🤖 AI Summary
Existing vision-language-action (VLA) models struggle to model torque signals inherent in physical interactions, resulting in a lack of closed-loop force control capability for high-contact robotic manipulation tasks. To address this, we propose TorqueAdapter: a lightweight torque adapter embedded within the VLA decoder, coupled with torque prediction as an auxiliary supervision objective to encourage learning of physically grounded internal representations. Unlike conventional encoder-side multimodal fusion, this decoder-centric design avoids challenging cross-modal feature alignment. Inspired by joint prediction-and-planning paradigms in autonomous driving, we unify torque-aware perception and action generation within a single modeling framework. Evaluated on multiple high-contact manipulation benchmarks—including TORQUE-Bench—TorqueAdapter significantly improves task success rates and force-control robustness. Our results demonstrate that explicit torque modeling provides a critical gain in the physical understanding capability of VLA models.
📝 Abstract
Many robotic manipulation tasks require sensing and responding to force signals such as torque to assess whether the task has been successfully completed and to enable closed-loop control.
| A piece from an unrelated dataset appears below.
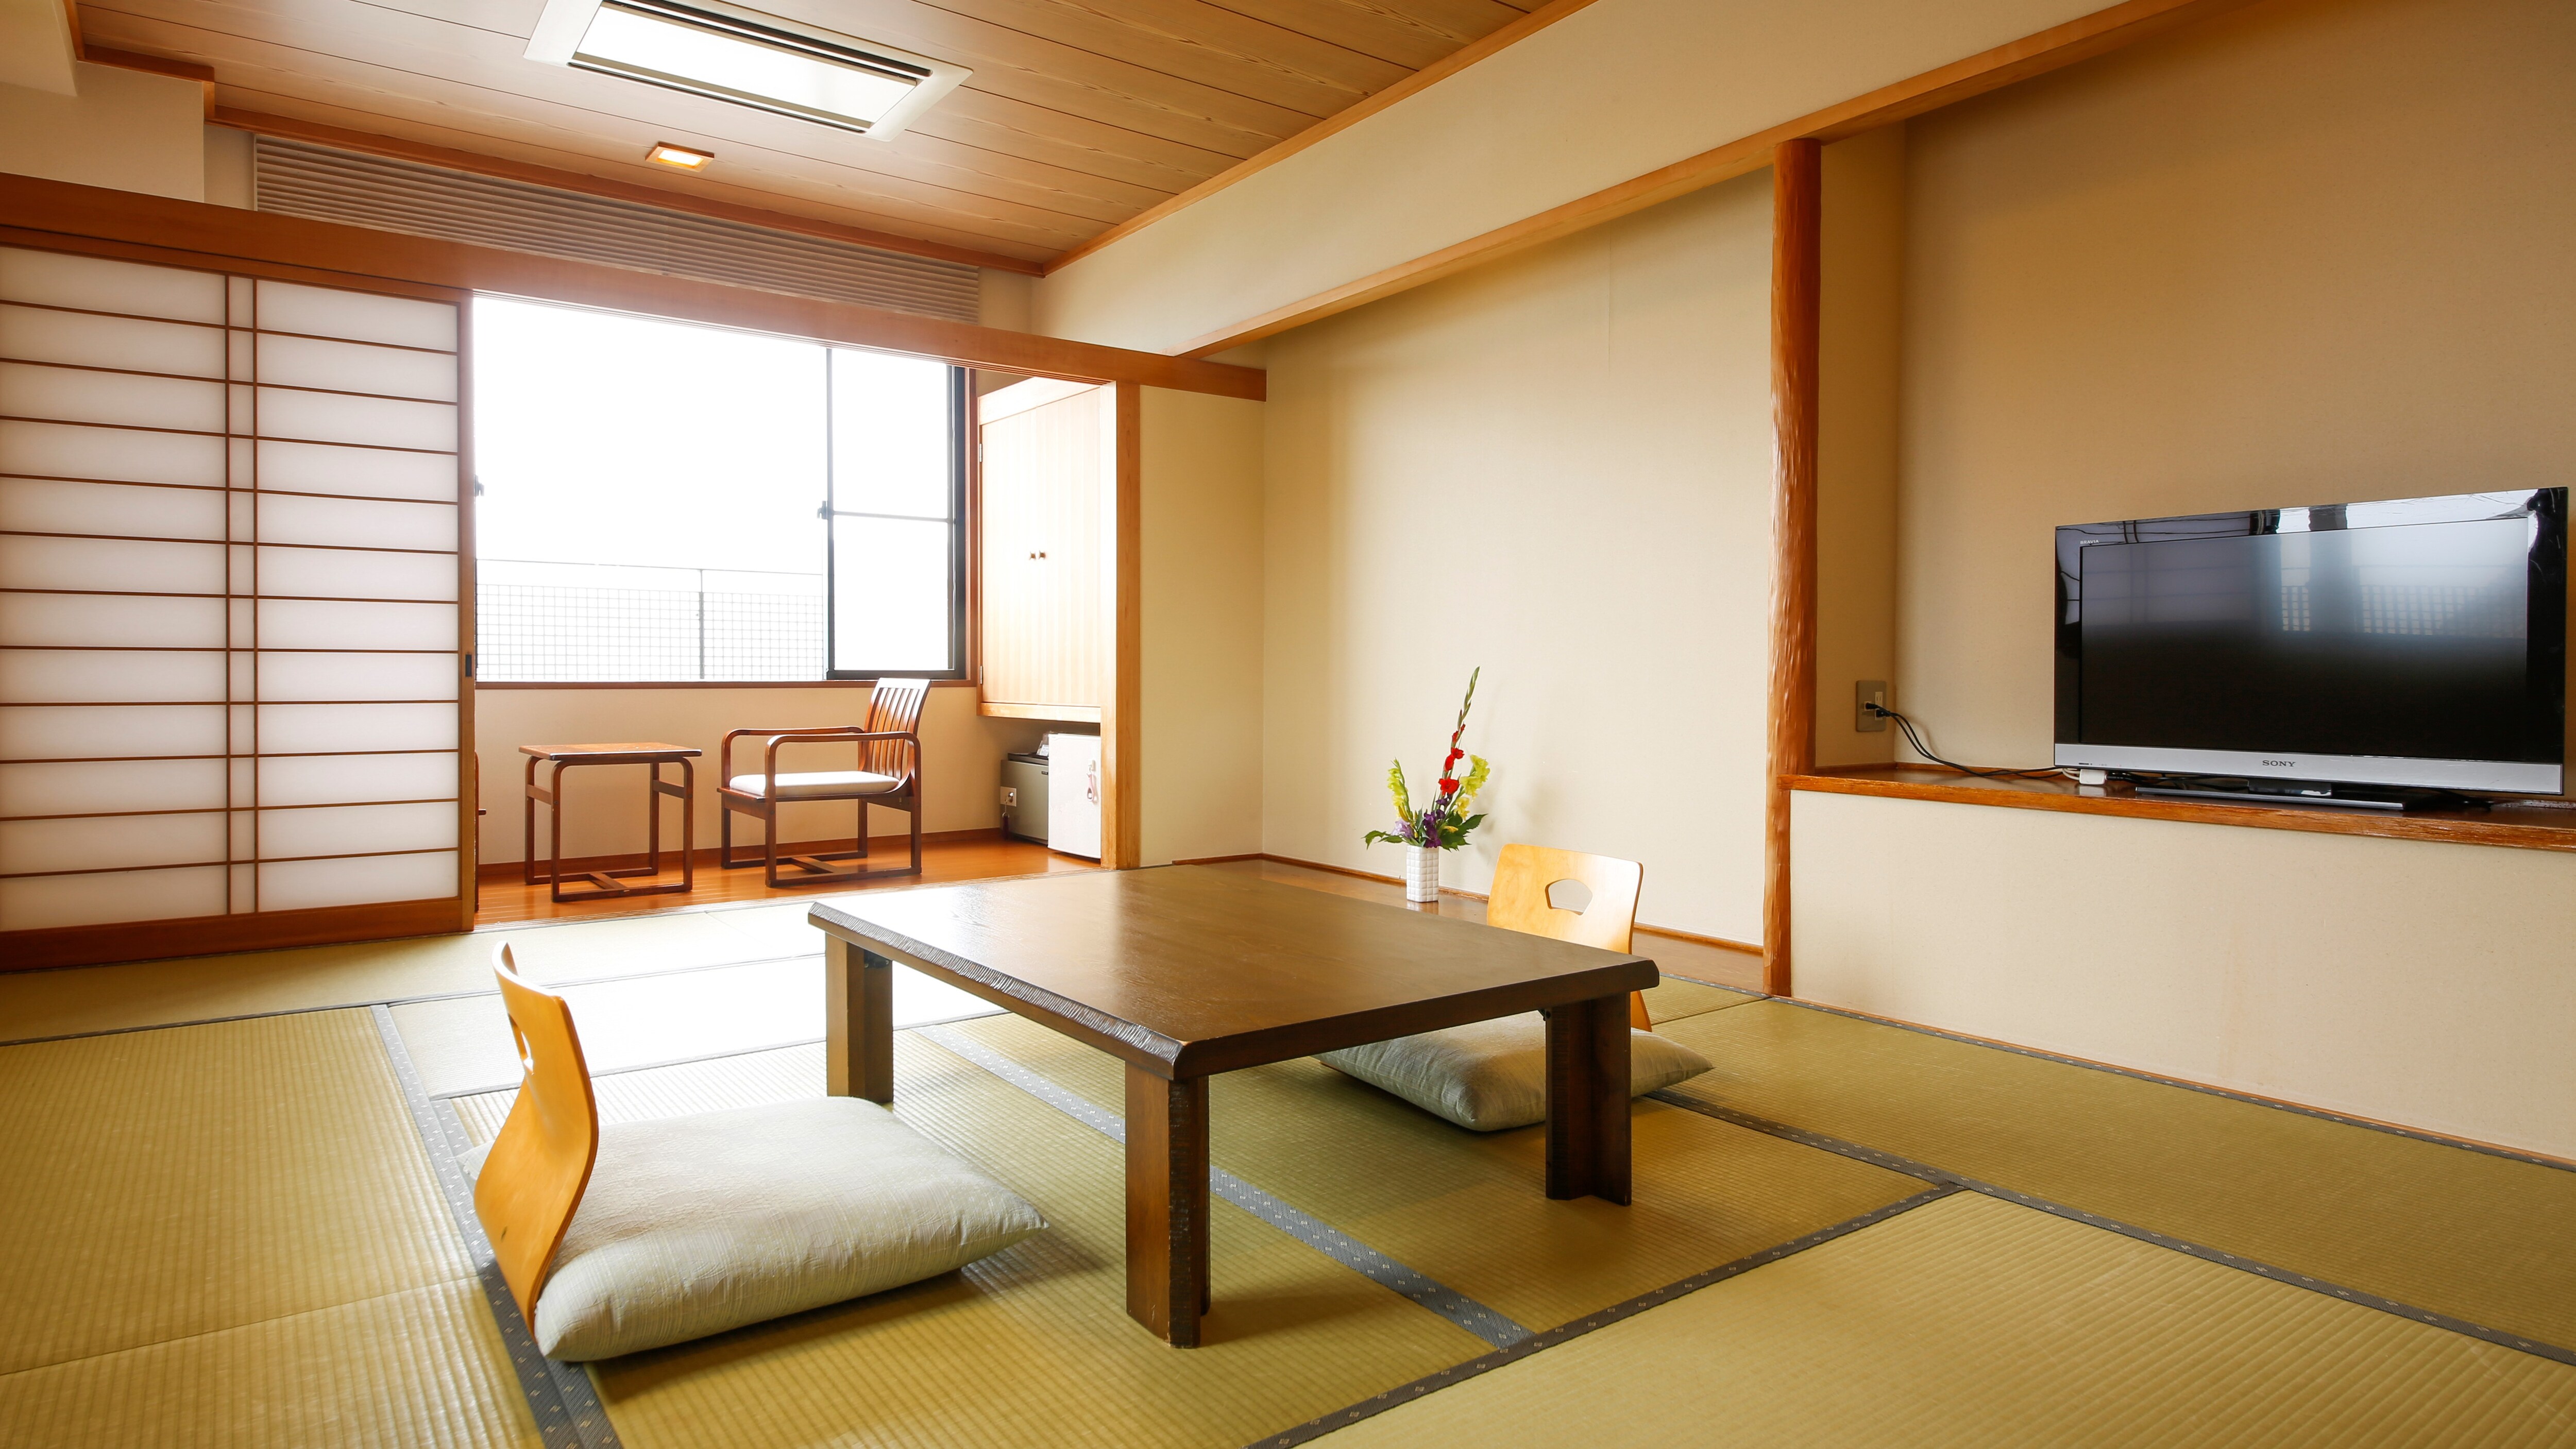 In a clean and quiet Japanese-style room, you can forget about the hustle and bustle of everyday life and relax.

However, current Vision-Language-Action (VLA) models lack the ability to integrate such subtle physical feedback. In this work, we explore Torque-aware VLA models, aiming to bridge this gap by systematically studying the design space for incorporating torque signals into existing VLA architectures. We identify and evaluate several strategies, leading to three key findings. First, introducing torque adapters into the decoder consistently outperforms inserting them into the encoder.Third, inspired by joint prediction and planning paradigms in autonomous driving, we propose predicting torque as an auxiliary output, which further improves performance. This strategy encourages the model to build a physically grounded internal representation of interaction dynamics. Extensive quantitative and qualitative experiments across contact-rich manipulation benchmarks validate our findings.